Materials and Methods

This retrospective study included clinical and instrumental data from 40 eyes of 40 patients selected among those who were treated with PRK for myopia or composed myopic astigmatism and completed a follow-up of at least 12 months. Subjects were chosen from the database of the Cornea and Refractive Surgery section of Messina University Hospital Ophthalmology Unit. Inclusion criteria were: age between 20 and 40 years; spherical equivalent between −2.75 and −7 diopters with ablation depth between 45 and 100 microns; available follow up of 12 months. Among these subjects, all suitable for PRK, 20 were chosen who had received AA supplementation when the specific product was available, and 20 (as control reference group) who did not receive AA because treated in a previous period when the food supplement was not available.

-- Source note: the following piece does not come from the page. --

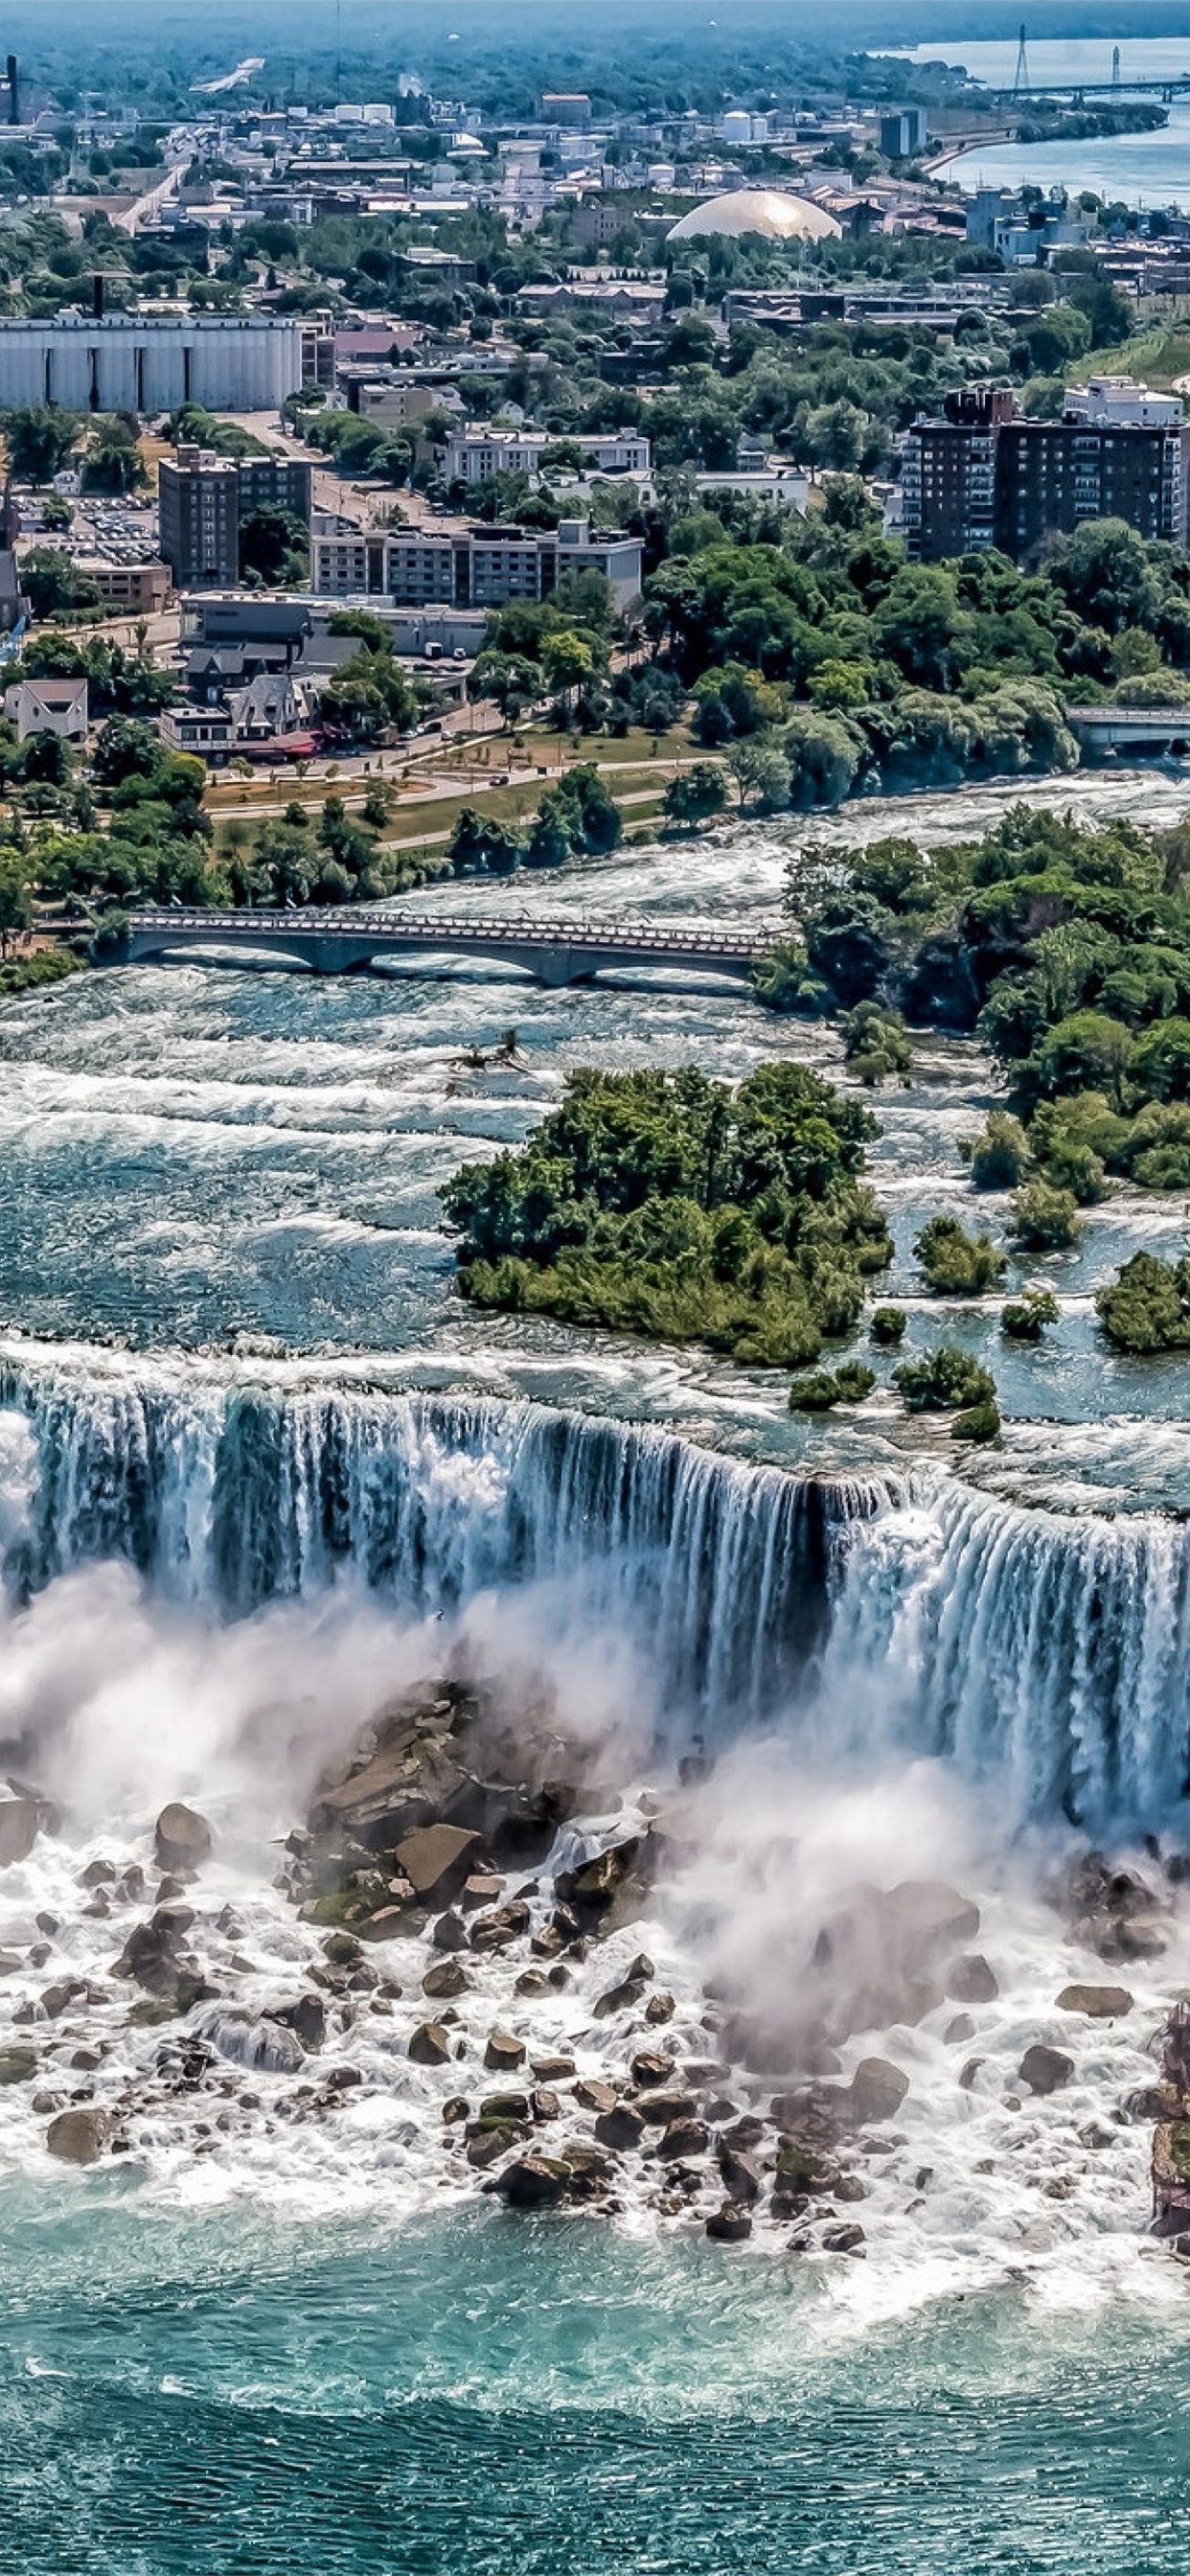 Cảnh Niagara Falls chắc chắn sẽ khiến bạn trầm trồ với vẻ đẹp thiên nhiên tuyệt diệu. Nhiều du khách đã từng lên đó đã phải ngỡ ngàng trước những dòng nước duyên dáng xen lẫn những cơn sương mù quyến rũ. Hãy xem hình ảnh để trải nghiệm và cảm nhận sức mạnh của cảnh quan đầy ấn tượng này.

The PRK surgical procedure followed the same protocol for all patients. Oxybuprocaine hydrochloride anesthetic drops (Novesina, Thea Farma, Italy) were instilled before the surgical treatment, and the epithelium was removed with a blunt spatula in an area of 9 mm diameter, after 20% alcohol delamination for 20 s. PRK was performed with a Mel-70 G-Scan excimer laser (Carl Zeiss, Jena, Germany) provided with flying spot with gaussian profile with a diameter of 1.8 mm. The ablation zone was 7 mm with 1.8 mm of transition. After treatment, a soft therapeutic contact lens was applied for 5 days and removed when the epithelium healed.

All patients followed the same standard post-operative therapy used in our center, consisting for the first 5 days of eye drops with dexamethasone 0.1% and tobramycin 0.3% (Tobradex, Alcon, Italy) one drop four q.i.d. plus sodium hyaluronate (Blu Yal, Sooft Italia) one drop four q.i.d. for 6 days until healing of the epithelium; then fluorometholone 0.2% unit dose eye drops (Flumetol, Thea Farma, Italy) one drop for 4 times q.i.d. for 10 days, then 3 times daily for 20 days and twice daily for 10 days plus sodium hyaluronate (Blu Yal, Sooft Italia) one drop four q.i.d. for the following 2 months.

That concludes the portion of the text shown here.